■ **EXERCISE DIRECTIONS**: Write out word for word the lines from the one holding "Data-Engineer-vs-Data-Analyst-info" through the end of the data, and only those lines. Pictures stay out.

*** INPUT DATA ***

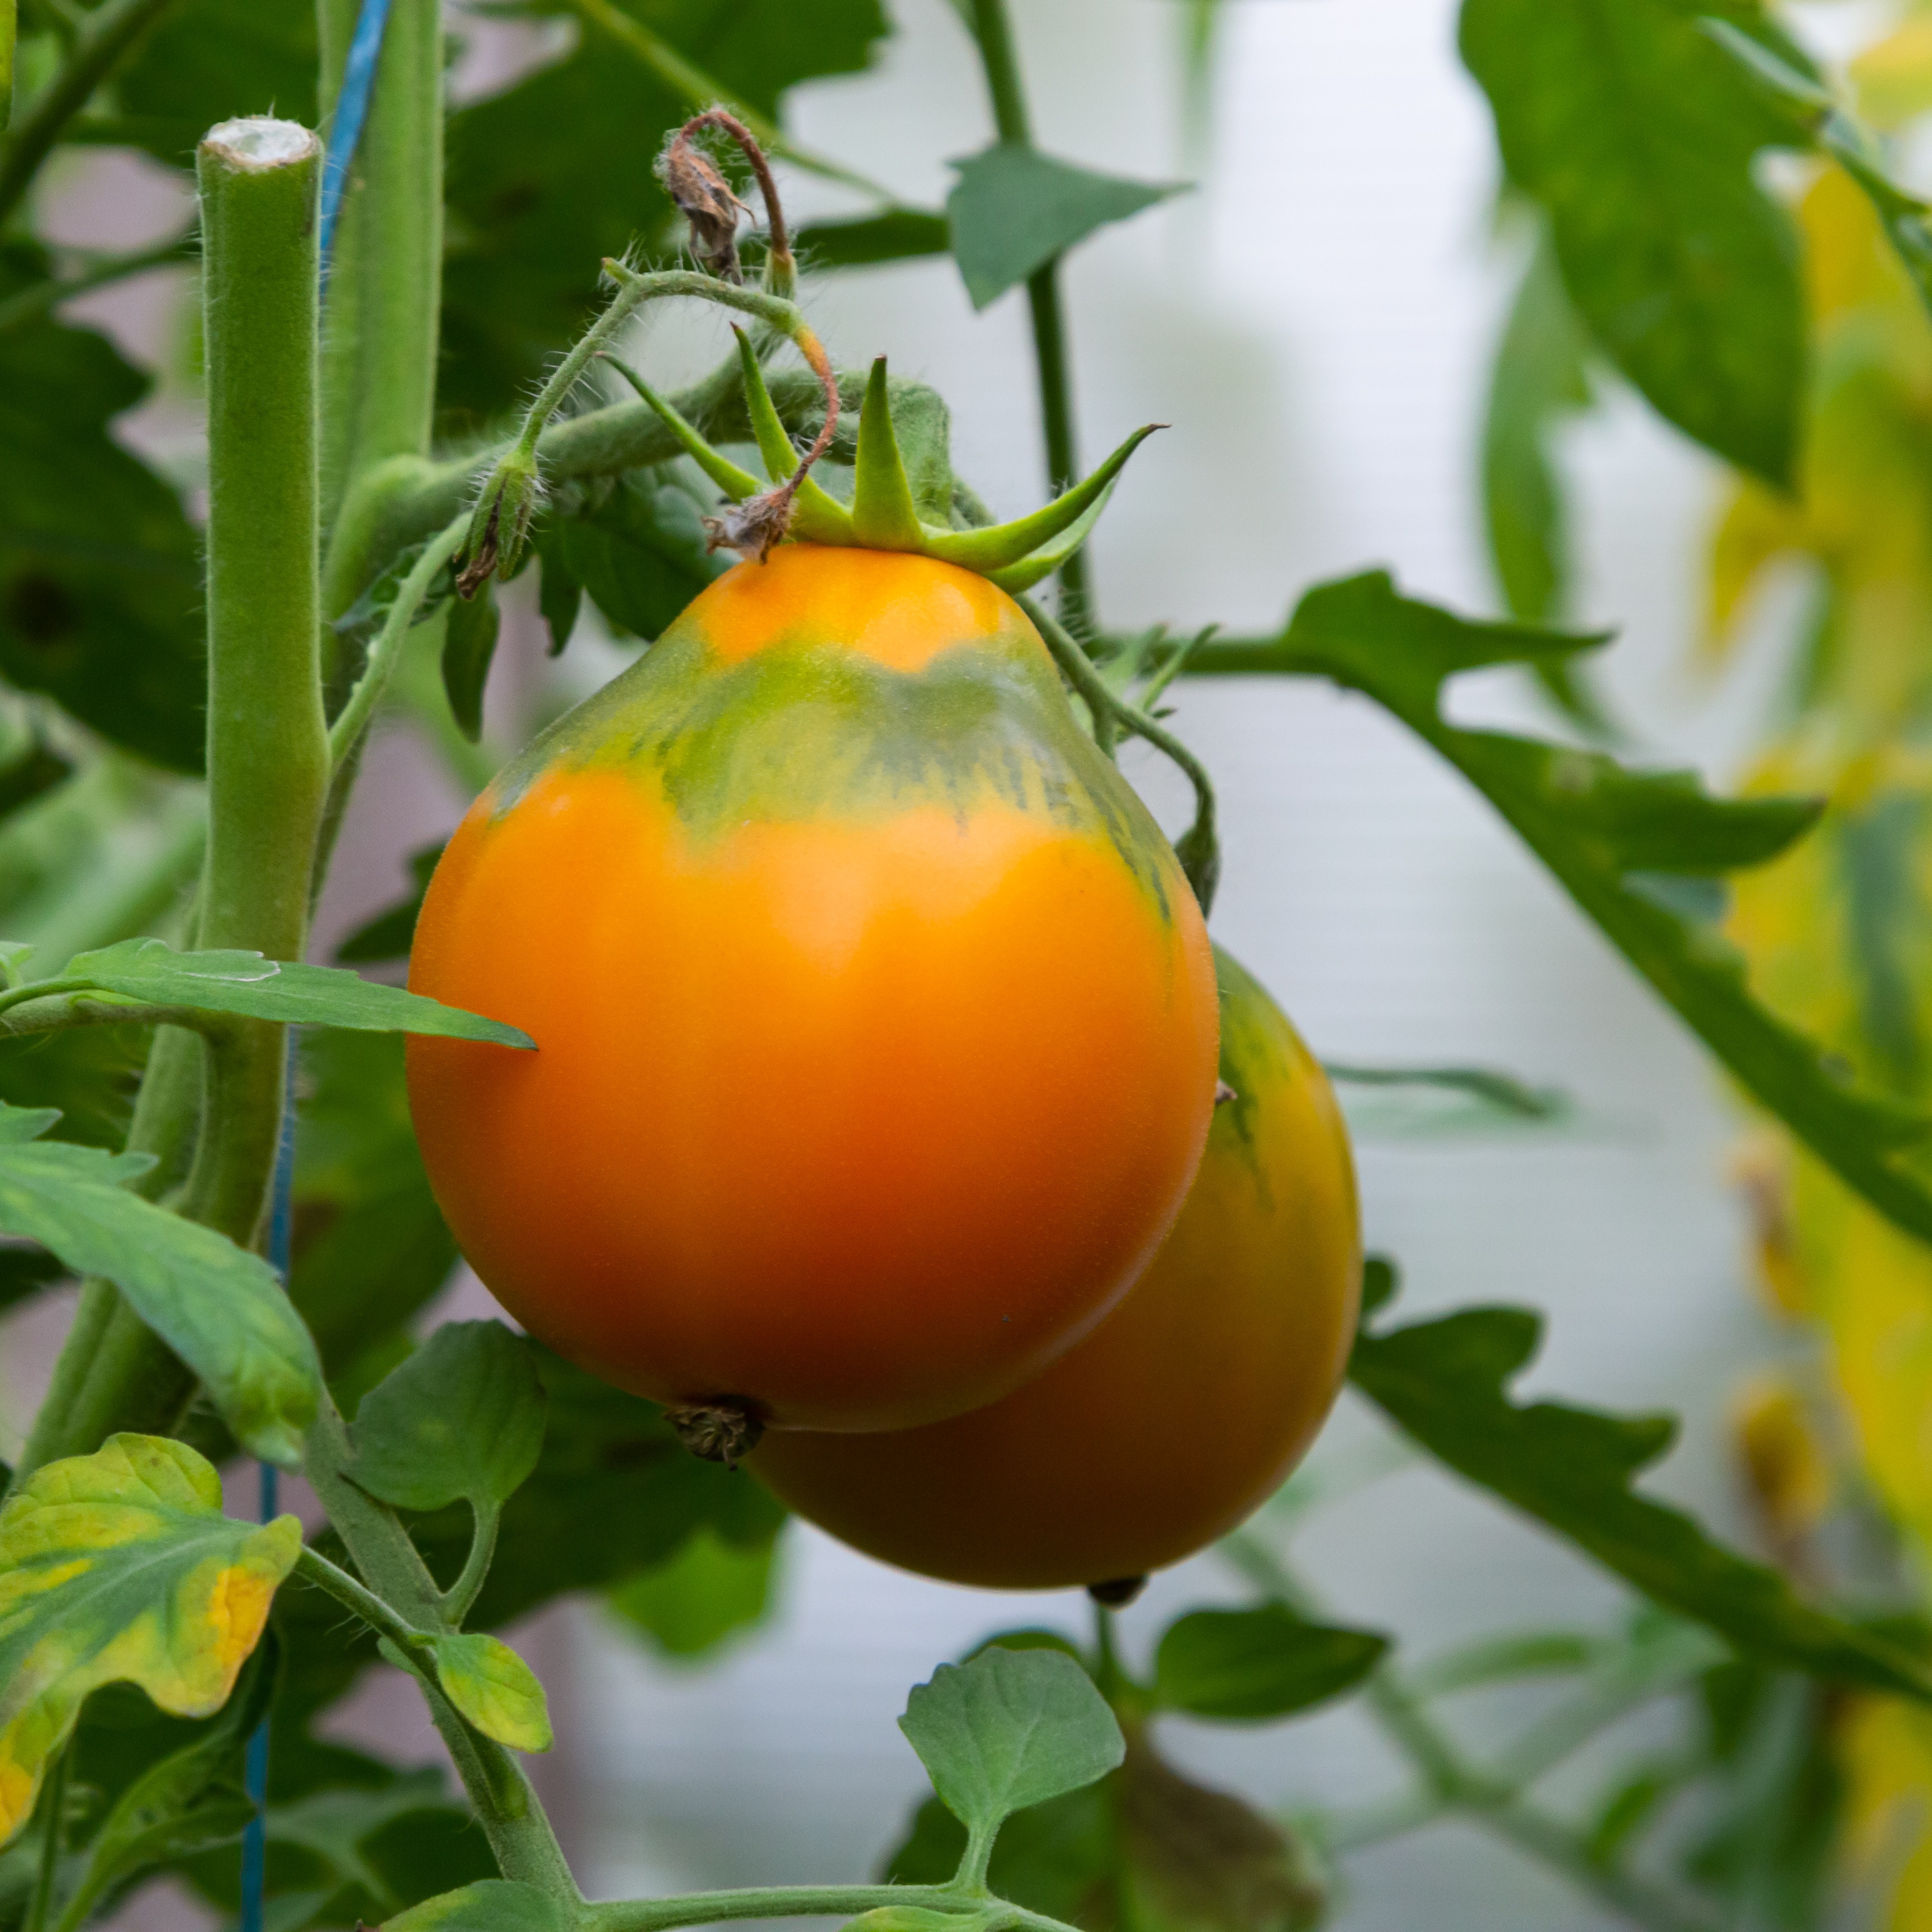 Image de tomates avec un collet vert - Aveve
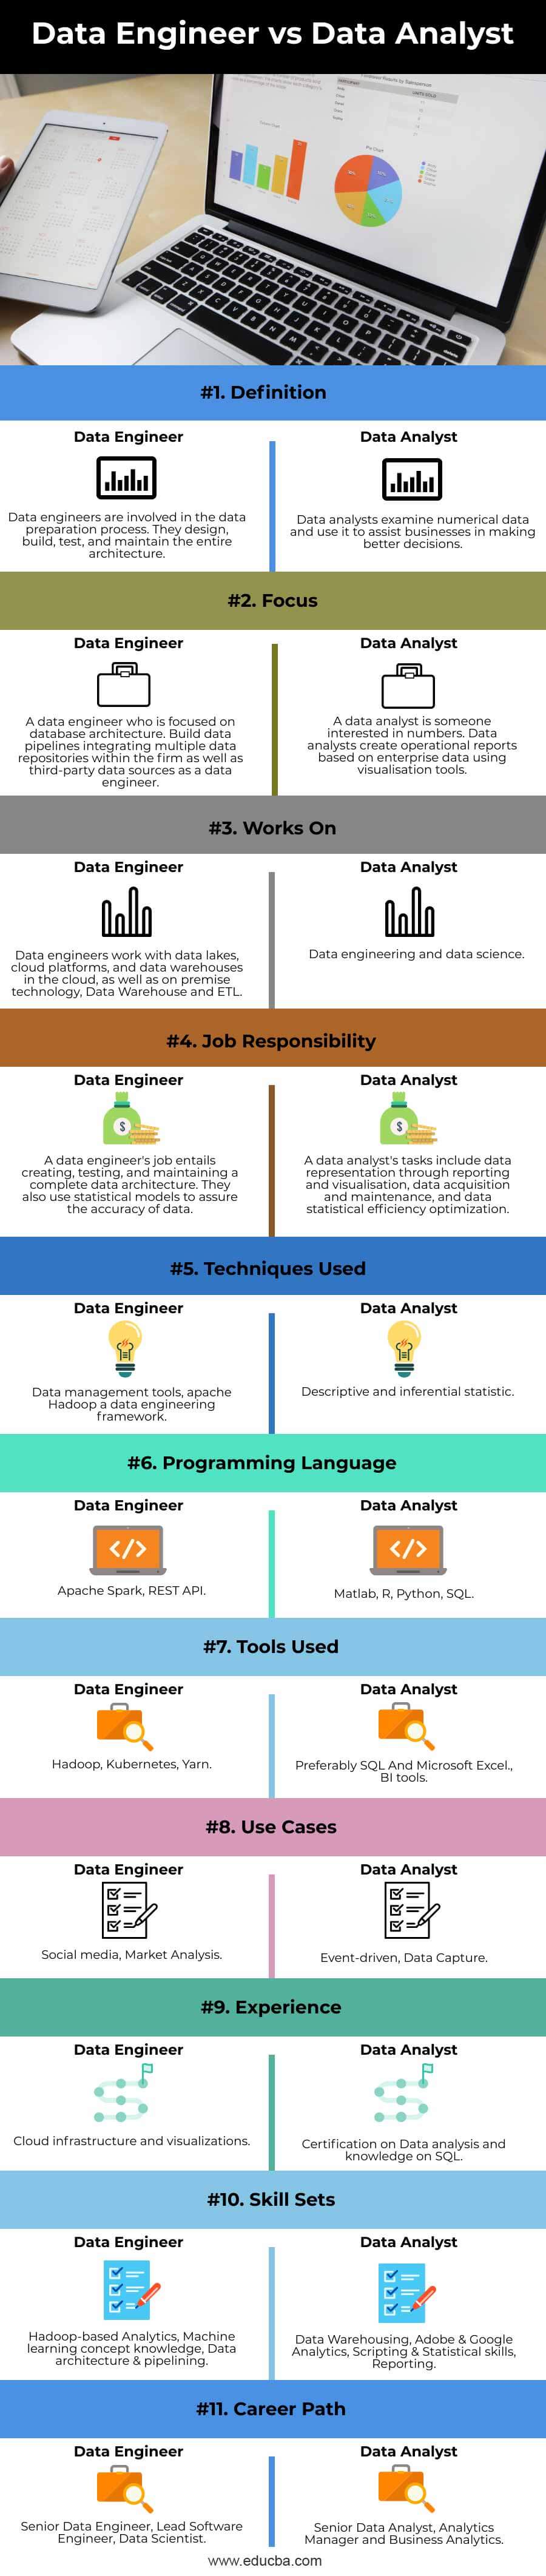 Data-Engineer-vs-Data-Analyst-info
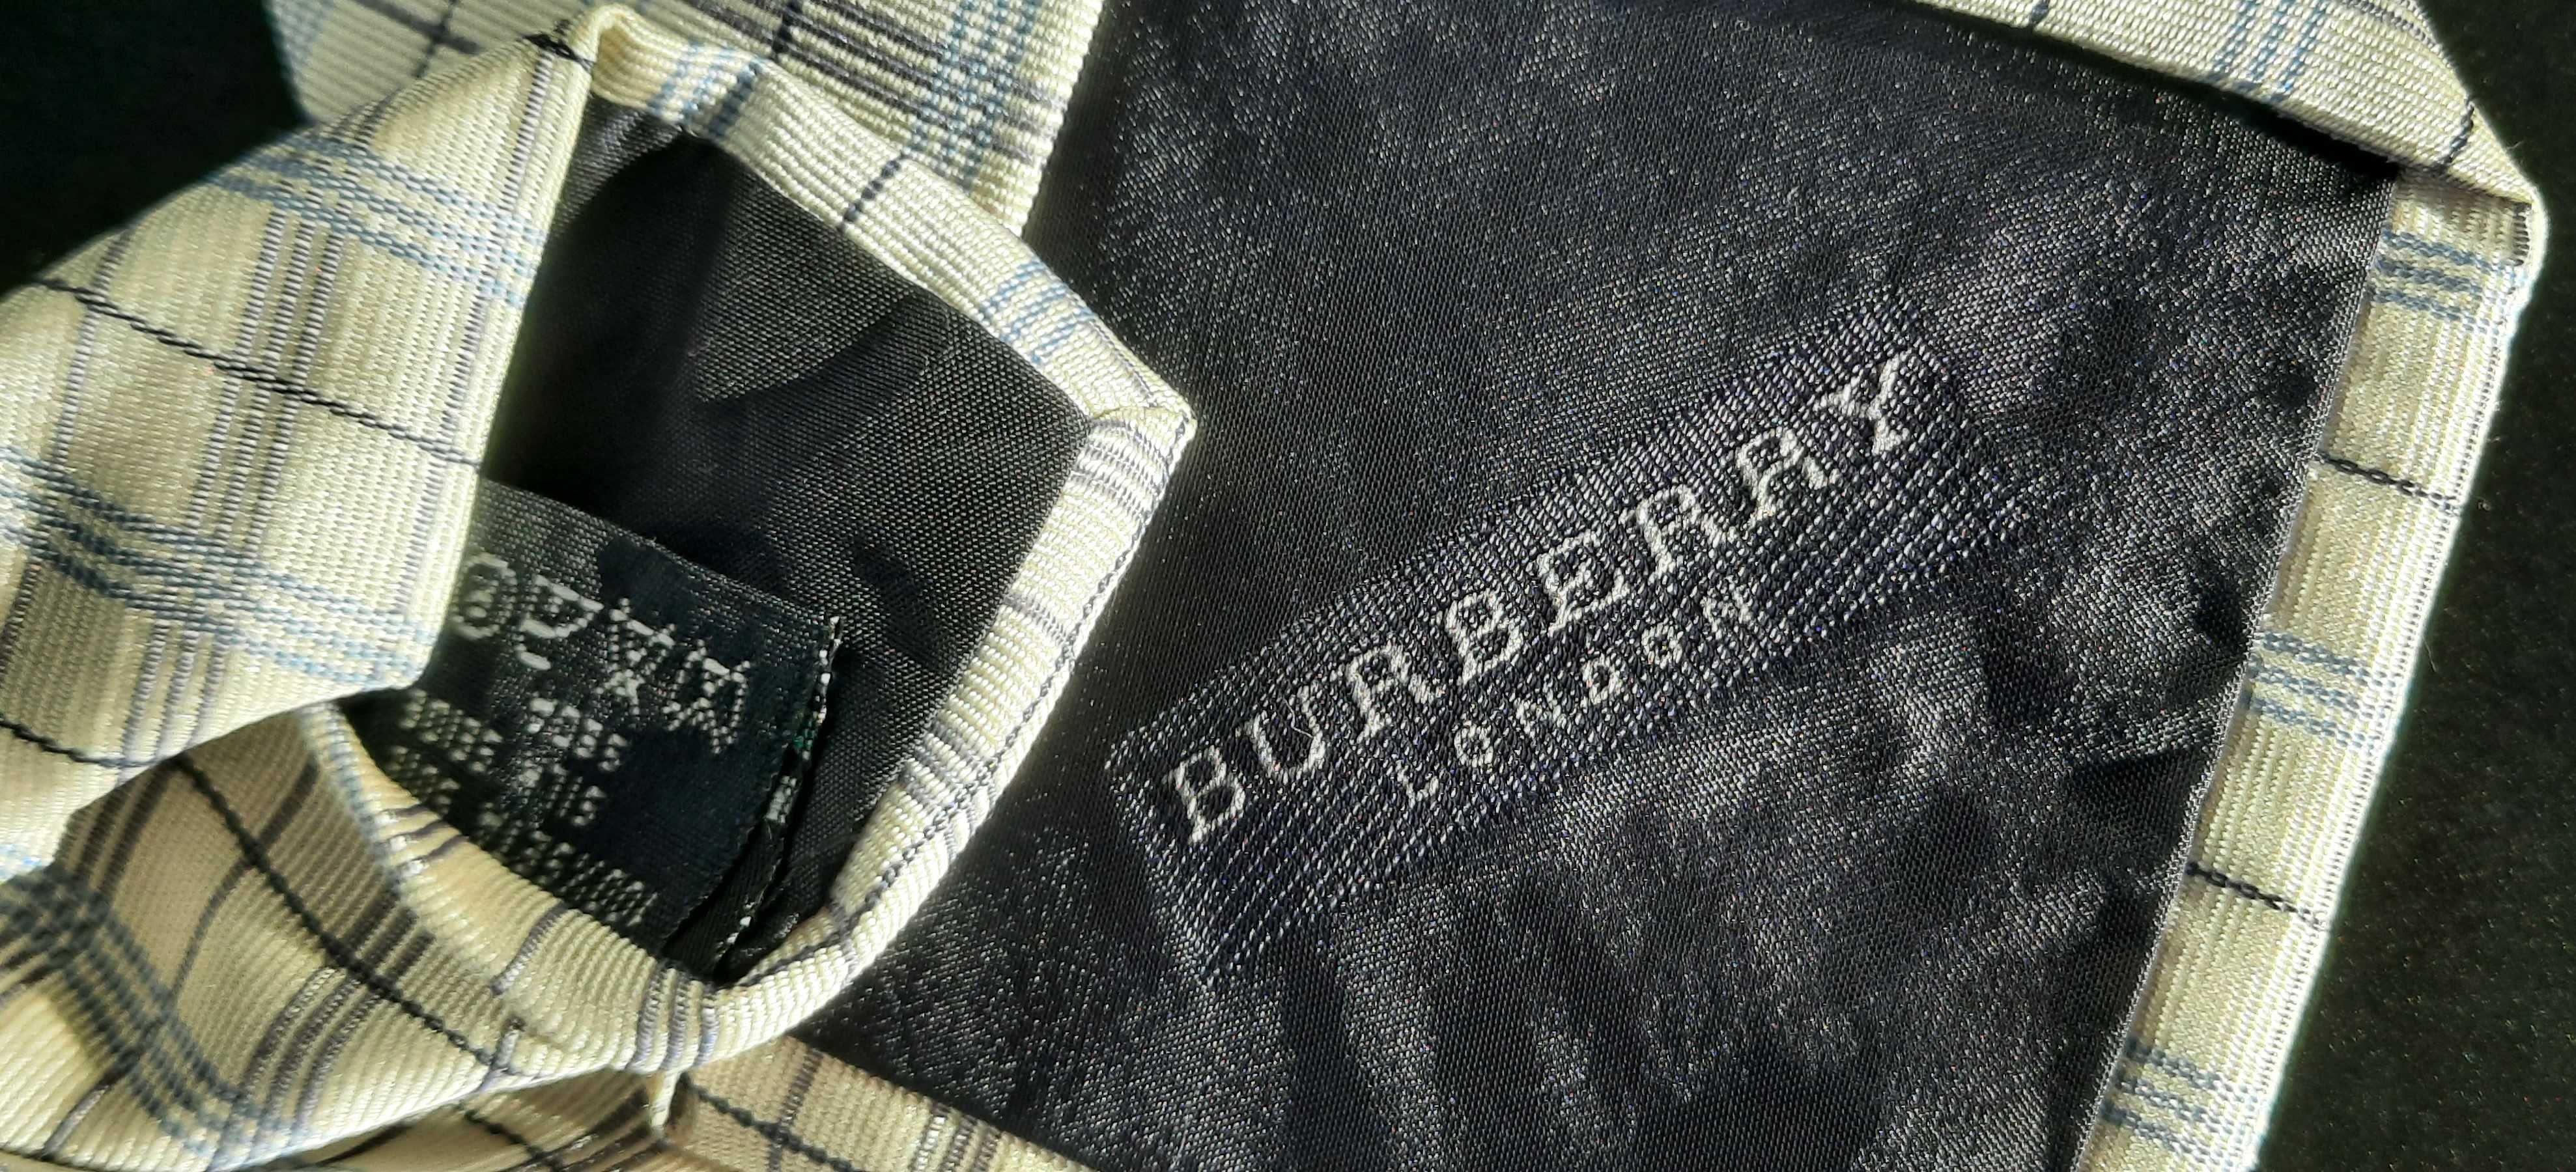 vand două cravate din mătase, una este marca Burberry.

***

■ **SOLUTION TO THIS PROBLEM**:
 Data-Engineer-vs-Data-Analyst-info
 vand două cravate din mătase, una este marca Burberry.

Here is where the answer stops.